His parents were inundated with letters praising Noel, and one from a senior officer
said this: ‘He was quite the most gallant and modest man I have ever met, and
perhaps the best liked. I do not believe a man of more noble character exists.’
We have just heard Jesus set out the values and vision of the Kingdom of Heaven
and the people who make it – the gentle, the merciful, the pure in heart, the
peacemakers, those who hunger for justice. The horror of the First World War – or
Syria or Iraq today – could not be further from this vision of the Kingdom of Heaven.
Tolstoy said, you may not be interested in war, but war is very interested in you.
From the Christian perspective, war – even a just war – is always an evil and a
failure; it is not the way the world is meant to be. Yet even in this horror, this gallant,
modest and compassionate man Captain Noel Chavasse, who killed no one, lived
out these beatitudes of gentleness, mercy and goodness.

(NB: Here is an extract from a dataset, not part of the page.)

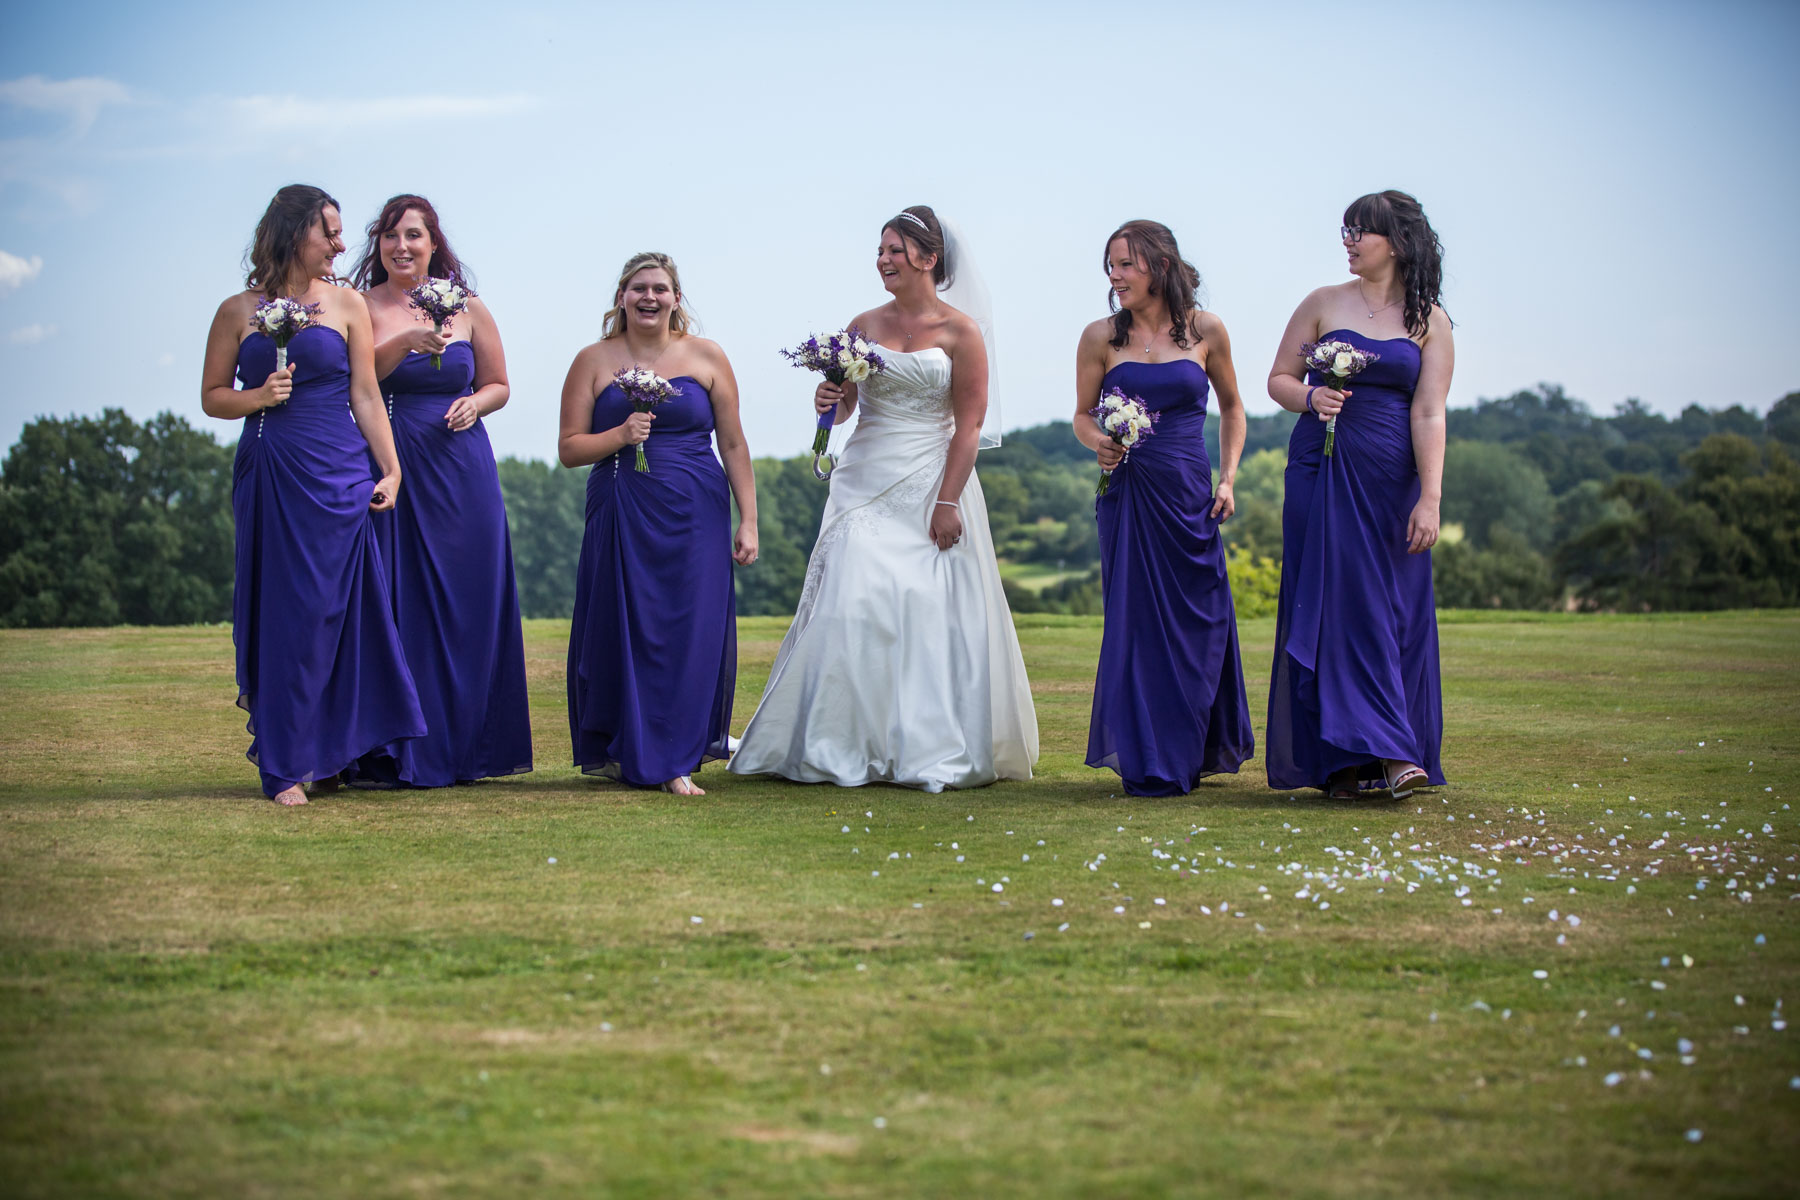 Sussex wedding photographer Richard Murgatroyd Murgatroyd Buxted Park Hotel
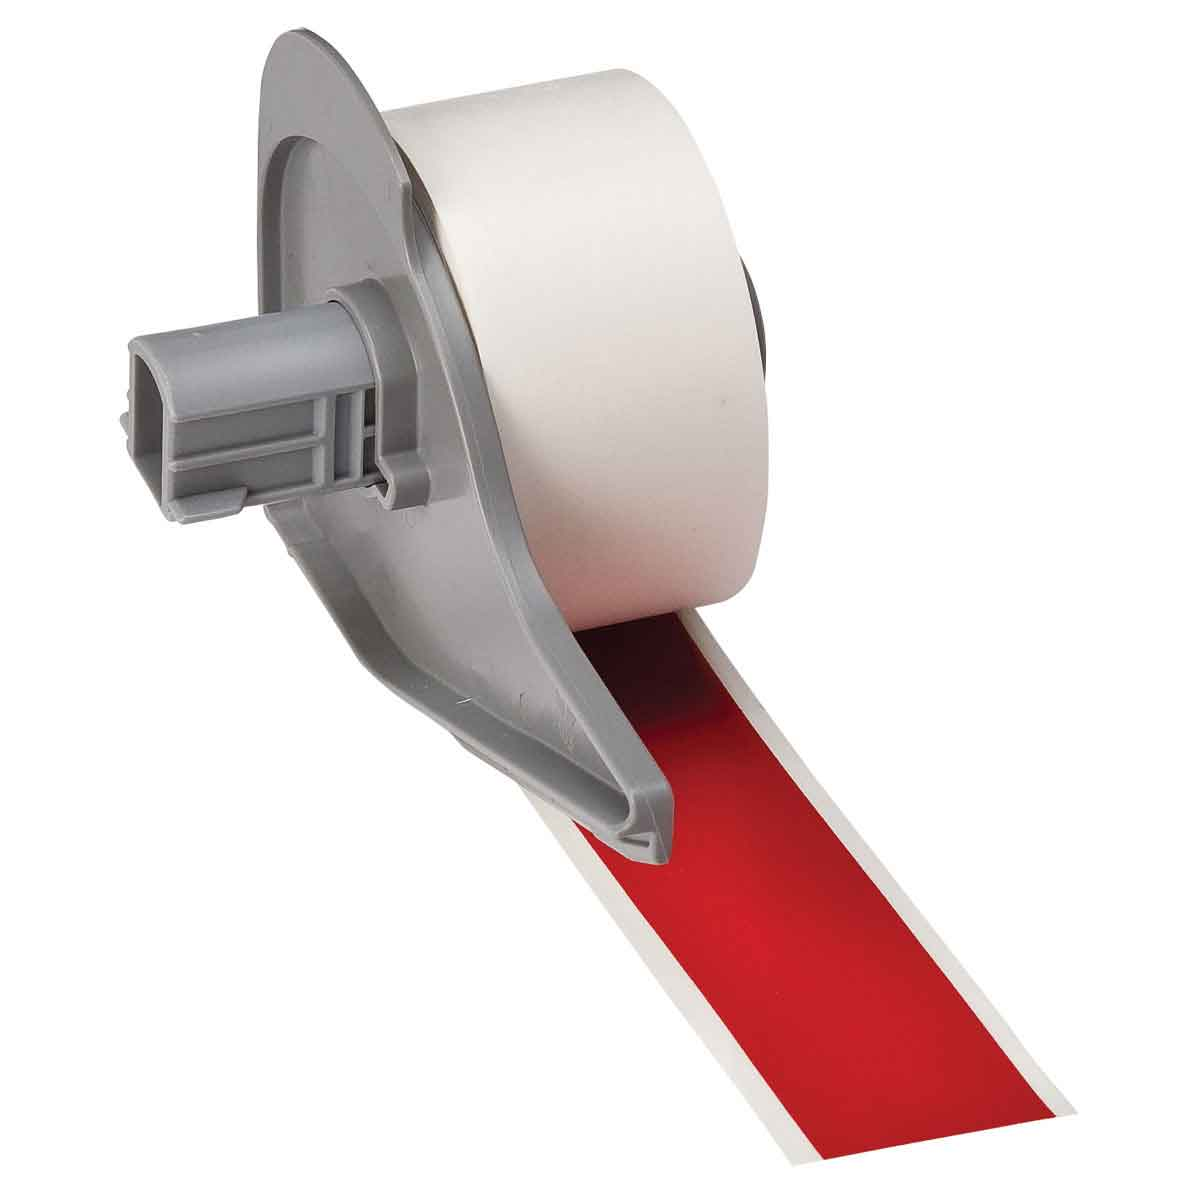 Brady® M71C-1000-595-RD Blank Thermal Transfer Tape, 50 ft L x 1 in W, Red, B-595 Vinyl, Permanent Acrylic Adhesive, -40 to 180 deg F

Stonyhurst is a place where we feel the weight of history and this school has a proud
memory of its seven VC winners, three of whom fought in the First World War – Lieut
Maurice Dease, Captain John Liddell and 2nd Lieut Gabriel Coury. You also have
three canonised saints and twelve blessed from this school and its forebears. Sat
between saints and VC winners, perhaps you don’t feel especially brave or holy or
good.
Like Noel Chavasse, you have been born into families that value education enough
to make the sacrifices to send you here and have the advantages that many can only
dream of; many of you are talented too. But with great privilege comes great
responsibility, and a Jesuit education is never just for one person but for others. To
put it in Jesus’ words, to those who have been given much, much will be expected.
There may not be many future VC winners here; but there are many who will live
good and decent lives that they can present to God on the Day of Judgement, and
some who may even be saints. You may not be very interested in God, but God is
very interested in you.
All of us are called to live the Beatitudes in our lives, and each of us will at some time
hear the call of duty, to go beyond our own self-interest – to be courageous and do
the right thing, to be generous and compassionate, to be merciful. We may not be a
Noel Chavasse and it may not get your name on the wall of Stonyhurst College. It
may not be very dramatic, and you may not even know it; but building the Kingdom
of God, and it will be remembered forever in heaven.